### INPUT MATERIAL
※ ※ ※

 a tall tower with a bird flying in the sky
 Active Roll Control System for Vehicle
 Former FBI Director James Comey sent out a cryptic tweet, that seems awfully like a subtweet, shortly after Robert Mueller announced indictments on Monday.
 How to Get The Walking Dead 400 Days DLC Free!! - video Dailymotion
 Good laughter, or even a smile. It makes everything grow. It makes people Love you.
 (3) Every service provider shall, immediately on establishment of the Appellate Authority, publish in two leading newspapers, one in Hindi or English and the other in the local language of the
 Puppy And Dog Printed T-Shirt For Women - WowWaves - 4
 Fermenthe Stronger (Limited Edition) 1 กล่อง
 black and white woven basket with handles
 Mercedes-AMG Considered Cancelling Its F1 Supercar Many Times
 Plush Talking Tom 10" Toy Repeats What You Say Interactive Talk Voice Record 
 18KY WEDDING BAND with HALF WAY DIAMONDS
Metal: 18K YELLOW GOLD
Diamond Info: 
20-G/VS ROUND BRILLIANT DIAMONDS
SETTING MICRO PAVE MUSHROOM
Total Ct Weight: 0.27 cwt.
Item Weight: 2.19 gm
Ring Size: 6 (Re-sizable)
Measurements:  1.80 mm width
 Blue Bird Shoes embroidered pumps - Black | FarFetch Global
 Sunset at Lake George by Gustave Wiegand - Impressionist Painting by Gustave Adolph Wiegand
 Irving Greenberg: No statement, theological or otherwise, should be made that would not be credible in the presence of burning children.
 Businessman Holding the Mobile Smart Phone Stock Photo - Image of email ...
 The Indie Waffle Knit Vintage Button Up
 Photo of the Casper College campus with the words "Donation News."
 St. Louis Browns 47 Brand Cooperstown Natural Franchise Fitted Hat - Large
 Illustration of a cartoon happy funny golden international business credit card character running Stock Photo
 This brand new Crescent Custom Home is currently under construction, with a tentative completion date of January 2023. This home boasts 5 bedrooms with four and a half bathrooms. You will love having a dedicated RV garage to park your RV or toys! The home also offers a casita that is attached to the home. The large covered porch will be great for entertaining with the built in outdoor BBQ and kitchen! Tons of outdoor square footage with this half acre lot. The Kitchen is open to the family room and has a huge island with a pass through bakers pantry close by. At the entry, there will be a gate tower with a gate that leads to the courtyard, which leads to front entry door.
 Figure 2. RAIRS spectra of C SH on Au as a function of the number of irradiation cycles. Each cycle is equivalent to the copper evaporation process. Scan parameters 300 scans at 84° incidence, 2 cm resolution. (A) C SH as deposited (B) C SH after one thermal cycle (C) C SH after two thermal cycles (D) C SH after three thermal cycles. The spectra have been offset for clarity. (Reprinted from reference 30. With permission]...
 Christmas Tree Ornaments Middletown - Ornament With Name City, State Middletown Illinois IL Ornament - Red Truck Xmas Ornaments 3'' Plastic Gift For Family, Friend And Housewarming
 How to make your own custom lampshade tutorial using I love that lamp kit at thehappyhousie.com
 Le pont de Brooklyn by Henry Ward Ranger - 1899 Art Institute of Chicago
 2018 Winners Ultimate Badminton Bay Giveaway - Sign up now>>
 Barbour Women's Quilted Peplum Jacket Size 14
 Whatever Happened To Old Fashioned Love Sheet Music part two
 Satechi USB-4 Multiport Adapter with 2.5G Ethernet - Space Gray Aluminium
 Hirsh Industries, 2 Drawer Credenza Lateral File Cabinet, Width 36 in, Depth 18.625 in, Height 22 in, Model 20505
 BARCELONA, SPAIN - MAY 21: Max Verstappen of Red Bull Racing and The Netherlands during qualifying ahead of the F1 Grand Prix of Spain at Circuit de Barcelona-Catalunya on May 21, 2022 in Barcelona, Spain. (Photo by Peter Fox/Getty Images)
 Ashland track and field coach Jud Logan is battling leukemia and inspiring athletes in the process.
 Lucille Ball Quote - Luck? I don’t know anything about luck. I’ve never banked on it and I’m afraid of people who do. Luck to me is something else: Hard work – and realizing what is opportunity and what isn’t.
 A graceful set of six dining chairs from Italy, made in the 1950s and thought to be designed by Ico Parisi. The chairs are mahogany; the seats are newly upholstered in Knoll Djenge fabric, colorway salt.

※ ※ ※

Taking the listing above as the source, transcribe only the lines starting at the line with "Blue Bird Shoes" and going through the line with "Irving Greenberg: No", unaltered and with both ends included.

 Blue Bird Shoes embroidered pumps - Black | FarFetch Global
 Sunset at Lake George by Gustave Wiegand - Impressionist Painting by Gustave Adolph Wiegand
 Irving Greenberg: No statement, theological or otherwise, should be made that would not be credible in the presence of burning children.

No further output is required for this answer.